Can anyone relate!? has anyone experience anything like this!? in a time when you should be celebrating being met with such utter discrimination!!!!
post #2 of 47
I can relate because if your boss had been my boss and said that about me... he would have been absolutely RIGHT.

When I had my baby, I wasn't "distracted", I was 100% consumed by parentood. It was absolutely the most.freaking.awesome.thing in this world! So awesome that dh and I committed to being a single-income family so I could stay home.

It sounds like you're very angry, and I don't know what to say, except that it sounds like your boss knows what happens when people have kids (and how parents become so head-over-heels in love with their babies that they are ALWAYS distracted).

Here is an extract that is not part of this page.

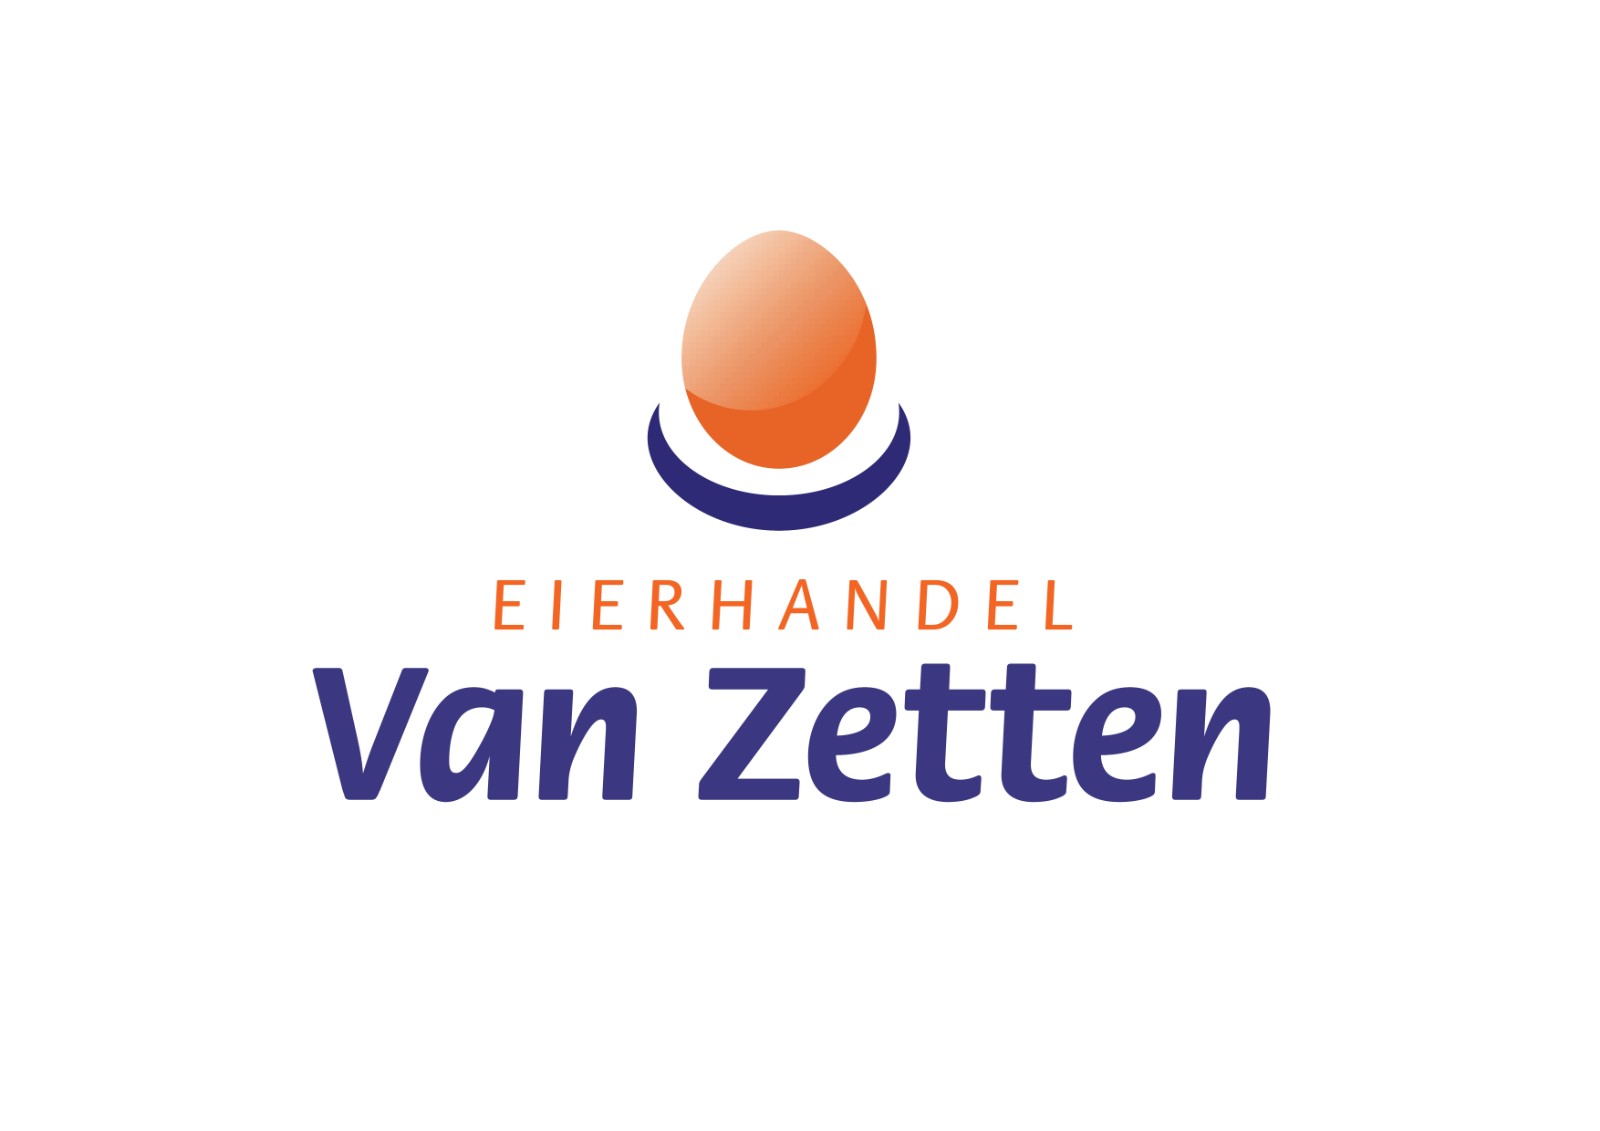 Van Zetten Eierhandel logo
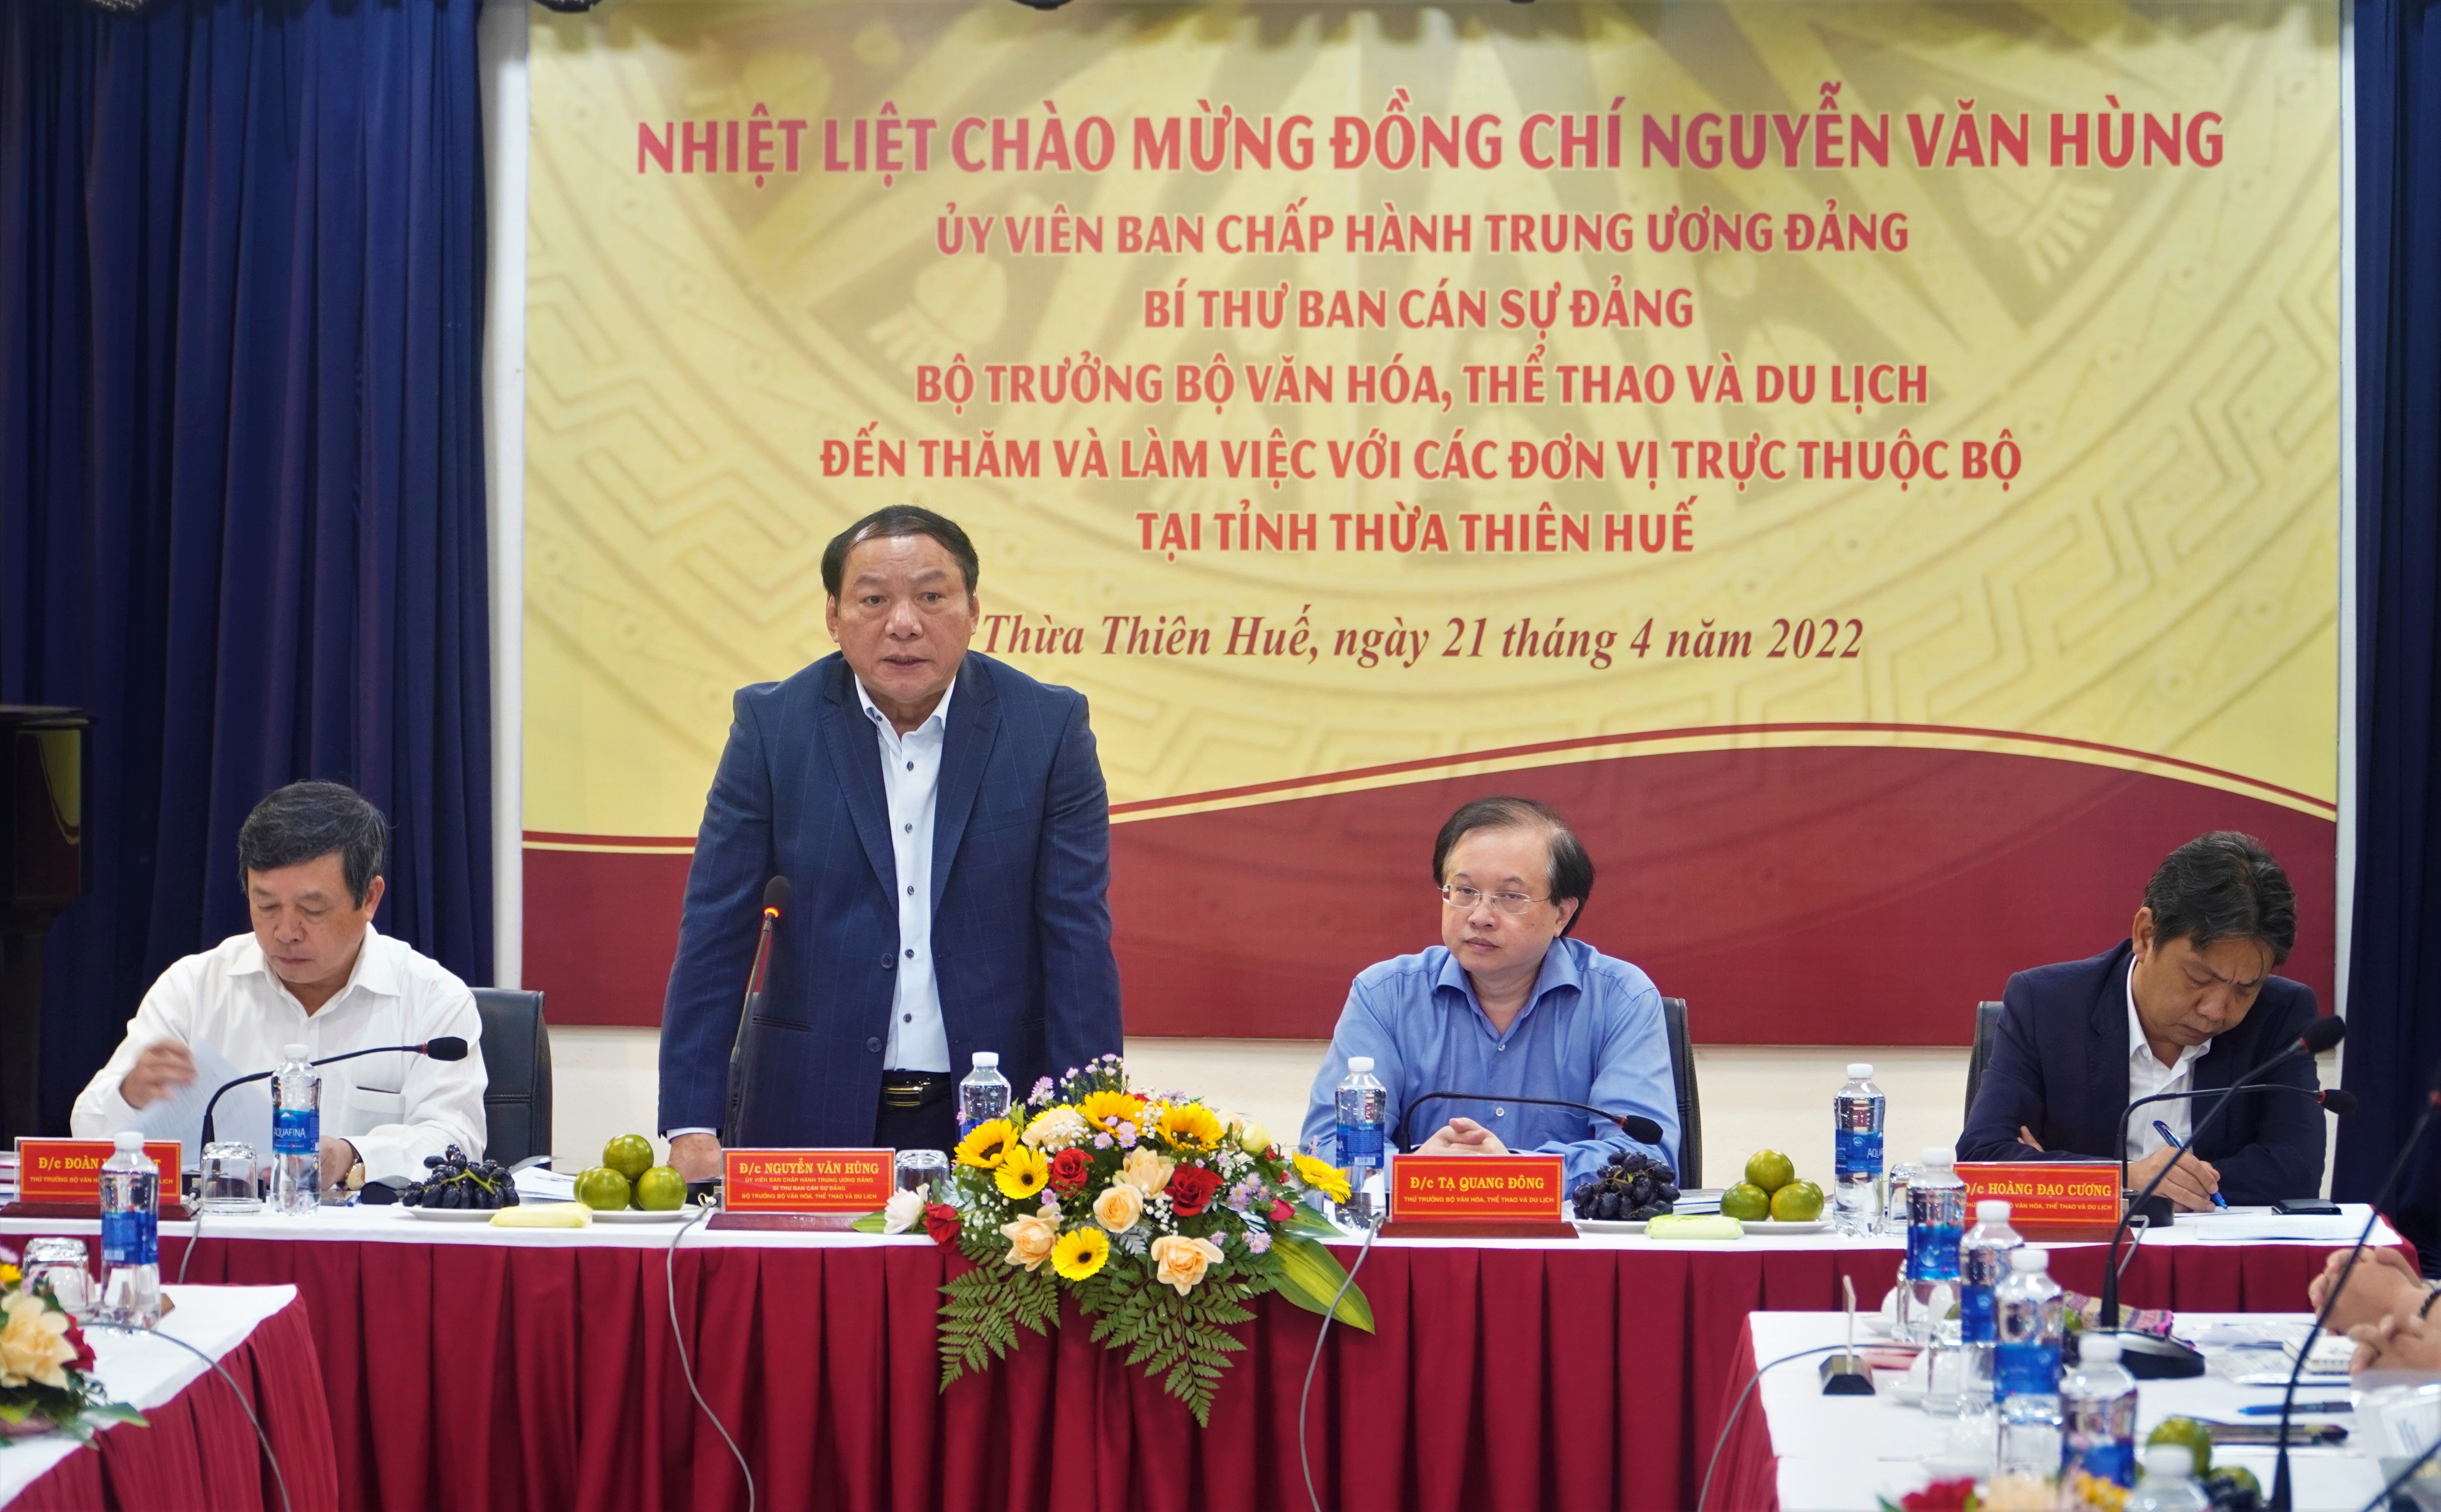 Đồng chí Nguyễn Văn Hùng, Ủy viên BCH Trung ương Đảng, Bí thư Ban cán sự đảng, Bộ trưởng Bộ VHTTDL làm việc với các đơn vị trực thuộc Bộ tại Huế

I would never work in a place that didn't value family time and realize that all parents get "distracted"... and overwhelmed, and frustrated, and exhausted, and, and, and...
post #3 of 47
I am not sure how discrimination law mechanics work, but I'm fairly certain it's illegal for them to fire you due to pregnancy. And they certainly can't once you're on leave.

Can you look up the laws in your state and have them at the ready, just in case?
post #4 of 47

Well...

DH would like to eventually have his own company. I have actually told him to not hire women of child bearing age until the company reaches a size where they could absorb the mat leave easily. Of course, you can't discriminate against people in this way (at least not in Canada), but you can hold out for somebody more qualified... and realistically, there aren't many women in DH's field anyway, so it's unlikely to matter.

In Canada, mat leave is a year. It's wonderful in so many ways, but if you're trying to get a small business off the ground, and you lose one of your two employees for a year, that can be a major blow. Sure you can hire somebody temporary, but it's not always easy to adequately fill a skilled position and get the new person up to speed. When a person leaves for mat leave they often take a lot of specialized experience and knowledge out the door with them.

Even though I'm home with our kids full time, DH's family impacts his work and it would be stupid to deny that. When he was 23 and didn't have a life his job got everything he had. Now he has to balance work and family. His advanced skills and experience offset this now that he's so much further along in his career, but I think it's naive to ignore that employers can benefit from work-a-holic singles with no significant commitments outside of their job.

I'm not saying this is fair. But there's an episode of Drew Carey where everybody with families leaves early when there's a snowstorm to get their kids and all of the single people have to stay and work, and they're bitter... and you can't really blame them.

Now, I think that good employers recognize the realities of this, and accept that you can have kids and be a great employee... even if you need some more flexibility and support to do it. And if you want to keep the people you have (thus retaining their skills and knowledge), you need to support them through various stages of life, including having kids, caring for sick parents, etc. But some companies are better able to do this kind of thing, especially larger companies.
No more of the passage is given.